**ASSIGNMENT:** Everything in the data must be repeated exactly, apart from the pictures, which are left out.

**DATA SECTION:**
===

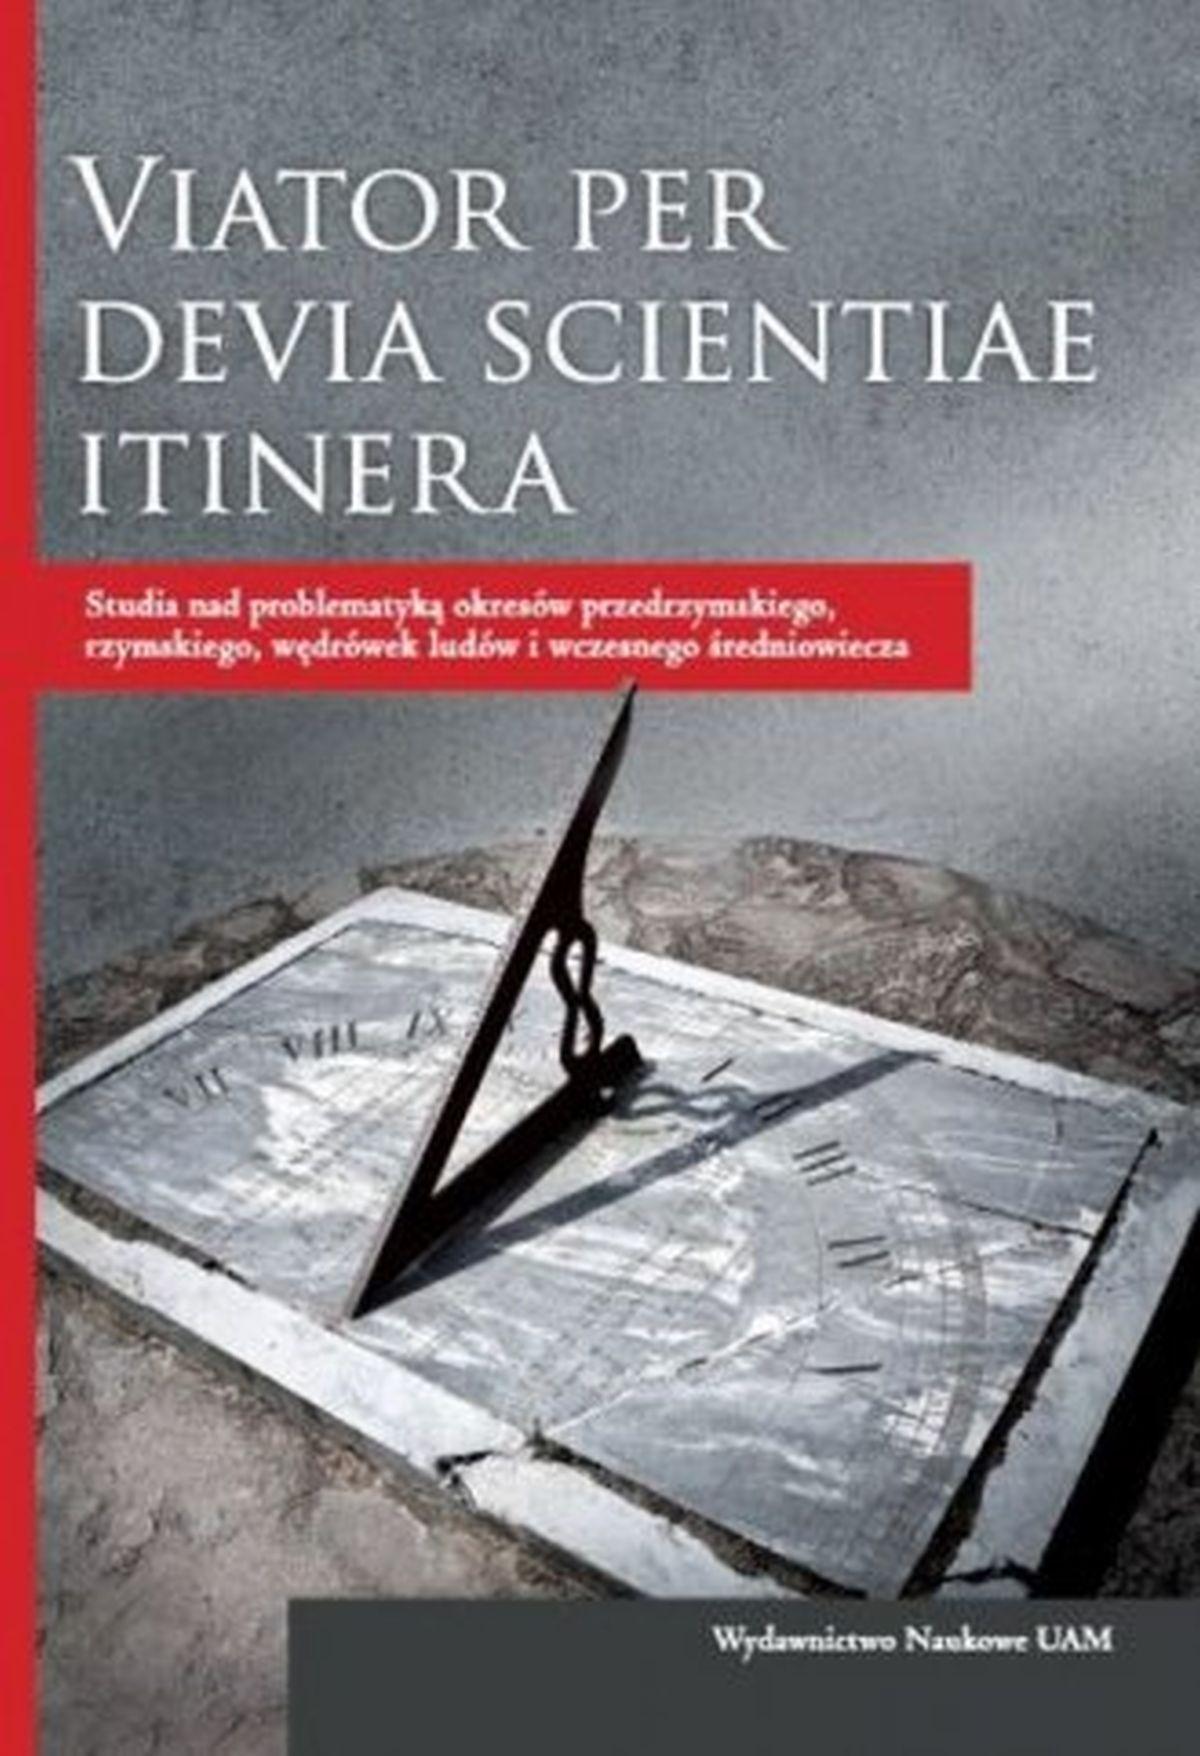 Viator per devia scientiae itinera. Studia nad problematyką okresów przedrzymskiego, rzymskiego, wędrówki ludów i wczesnego średniowiecza
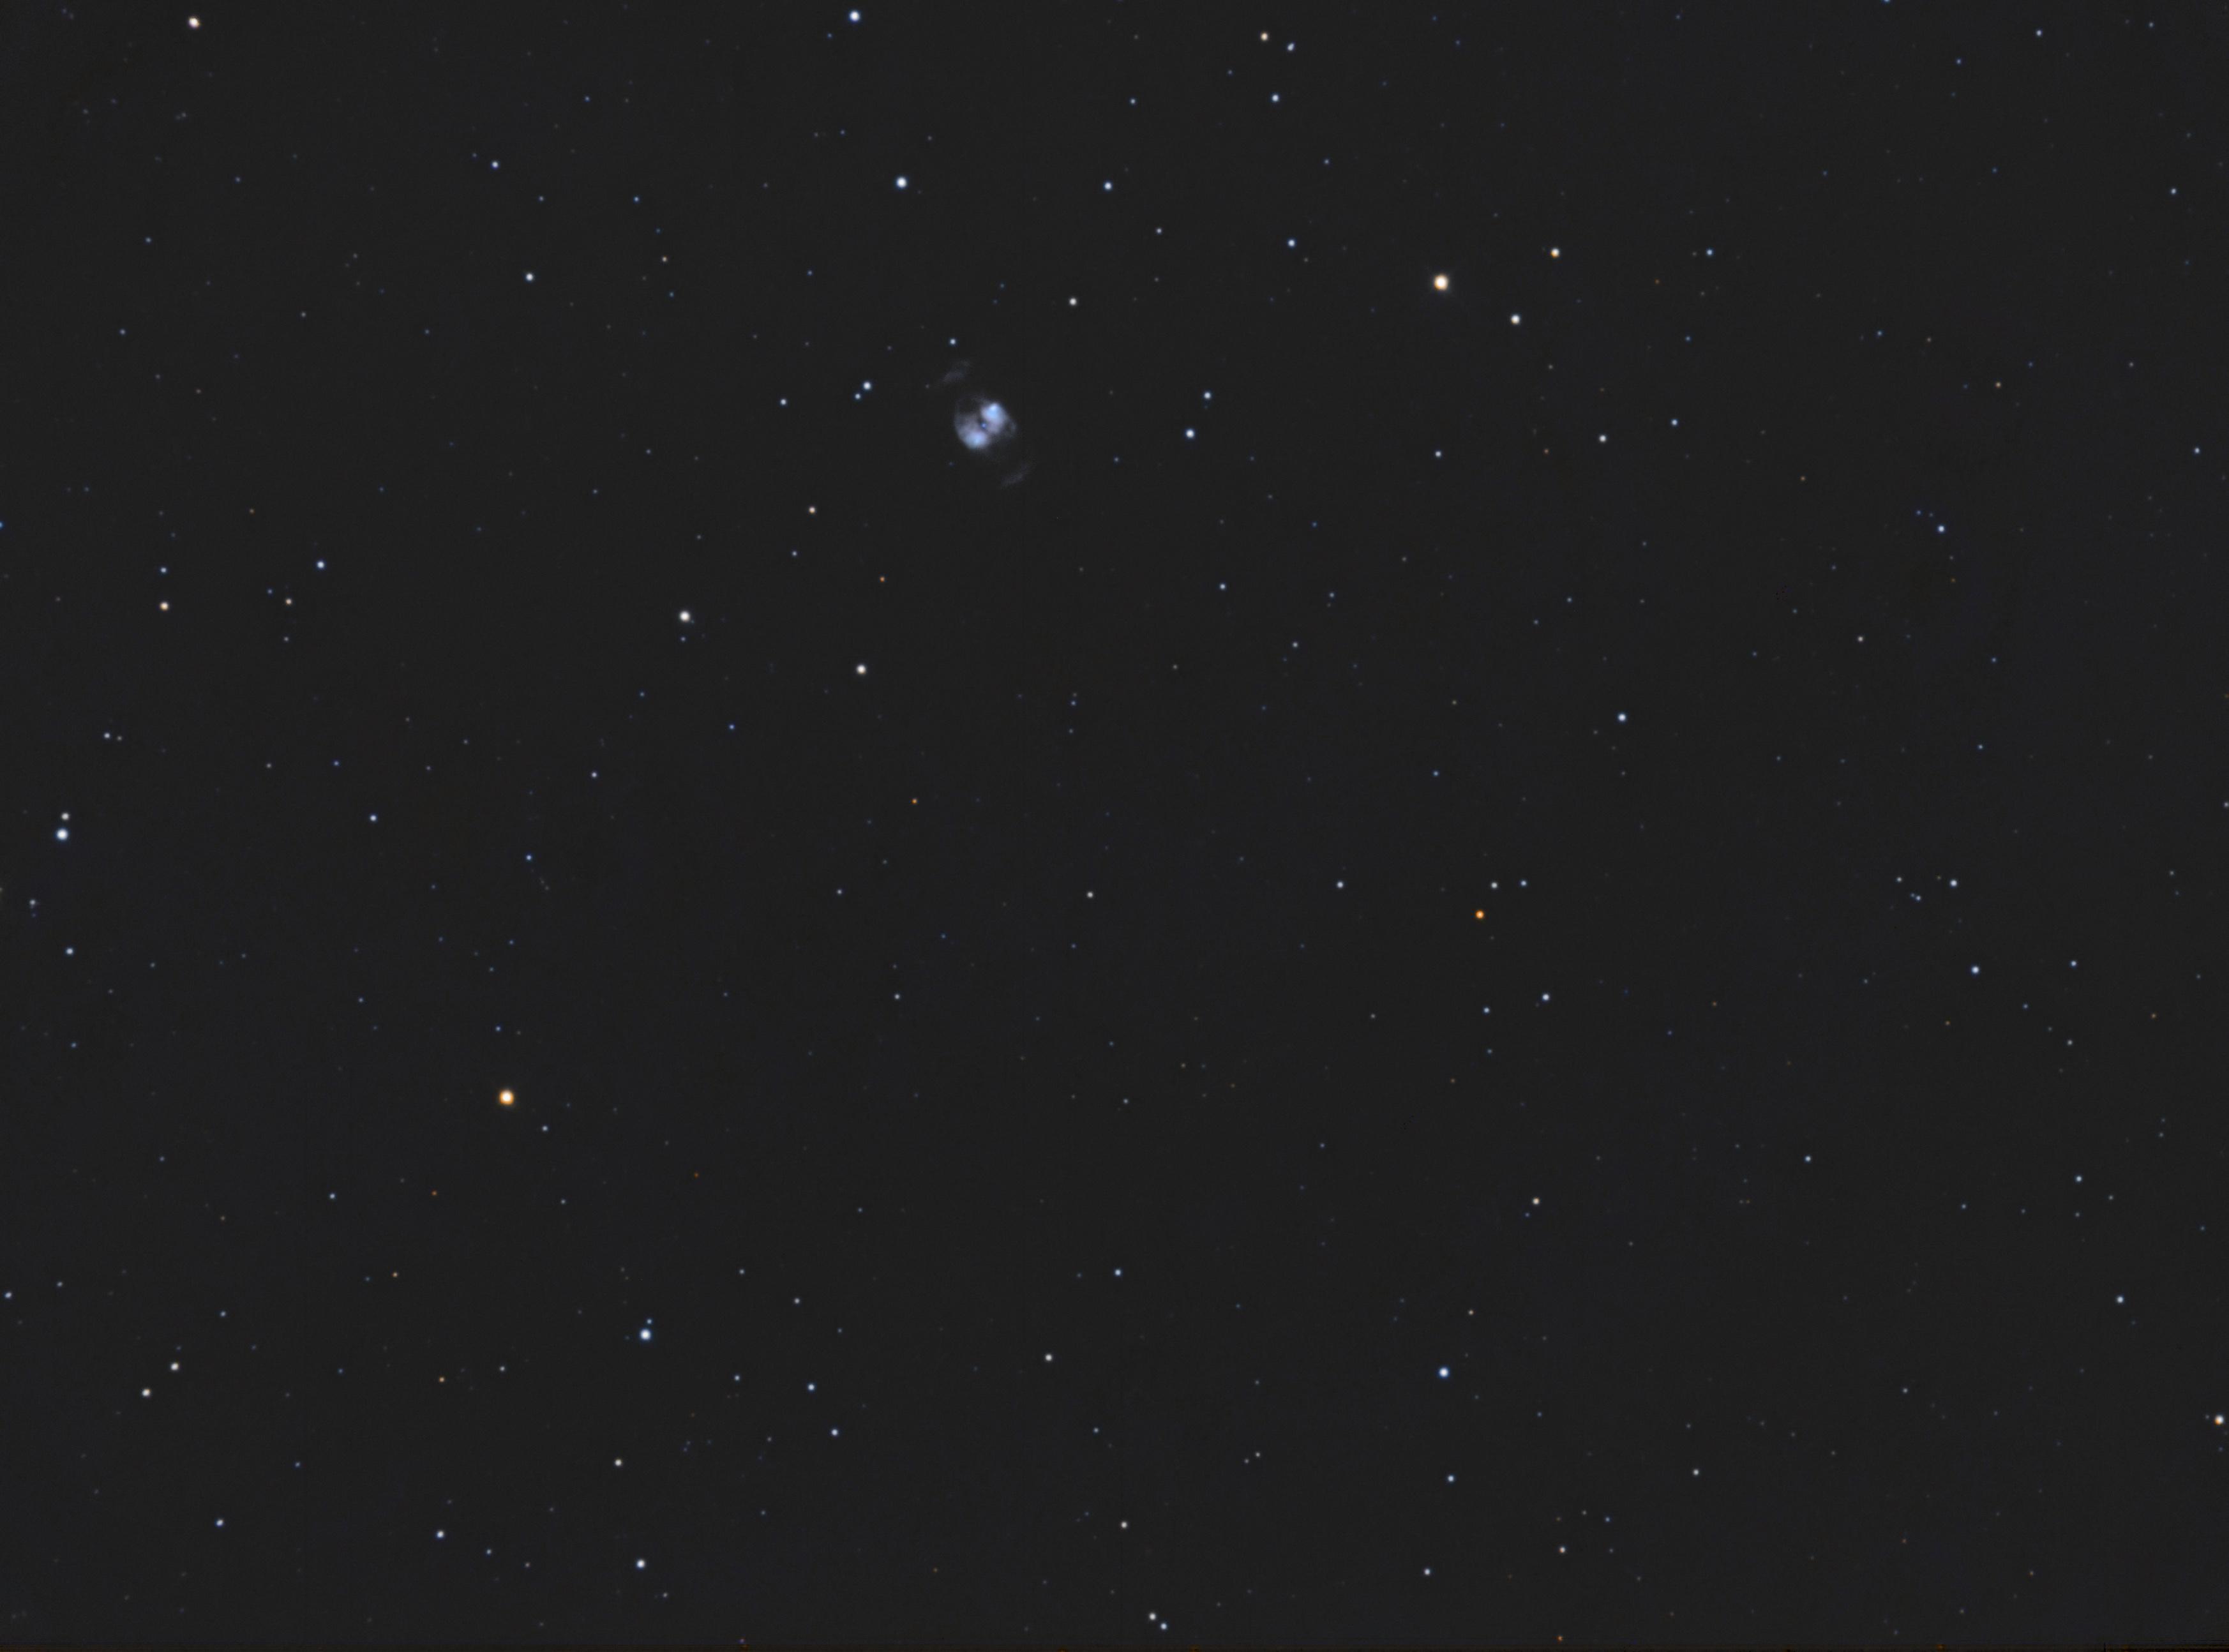 NGC2371_RCSTL_HaLRGB_022014_full_2Mo
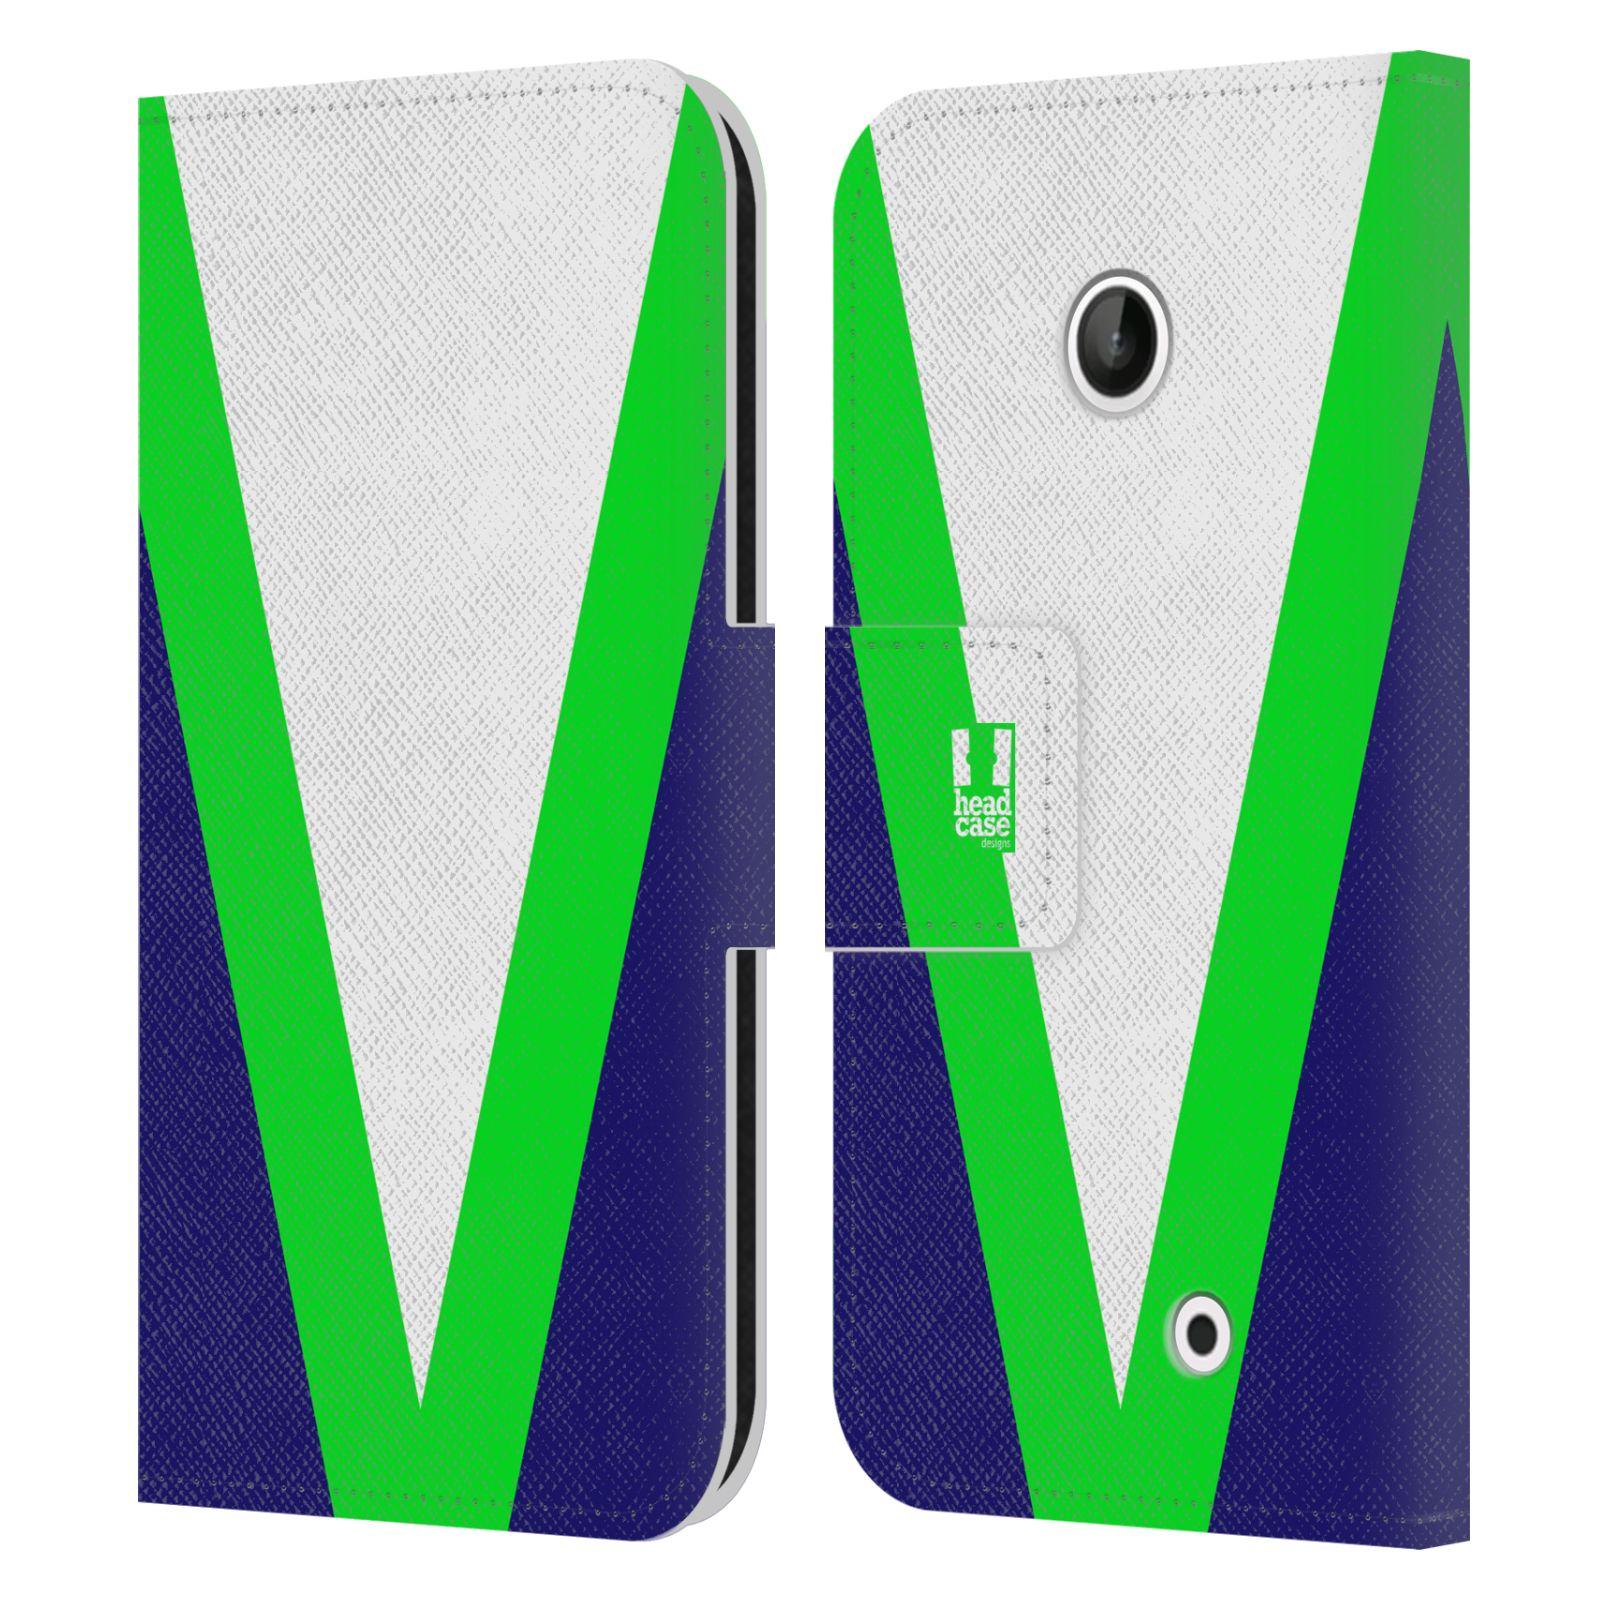 HEAD CASE Flipové pouzdro pro mobil Nokia LUMIA 630/630 DUAL barevné tvary zelená a modrá

===

**RESPONSE TO THE TASK:**
 Viator per devia scientiae itinera. Studia nad problematyką okresów przedrzymskiego, rzymskiego, wędrówki ludów i wczesnego średniowiecza
 NGC2371_RCSTL_HaLRGB_022014_full_2Mo
 HEAD CASE Flipové pouzdro pro mobil Nokia LUMIA 630/630 DUAL barevné tvary zelená a modrá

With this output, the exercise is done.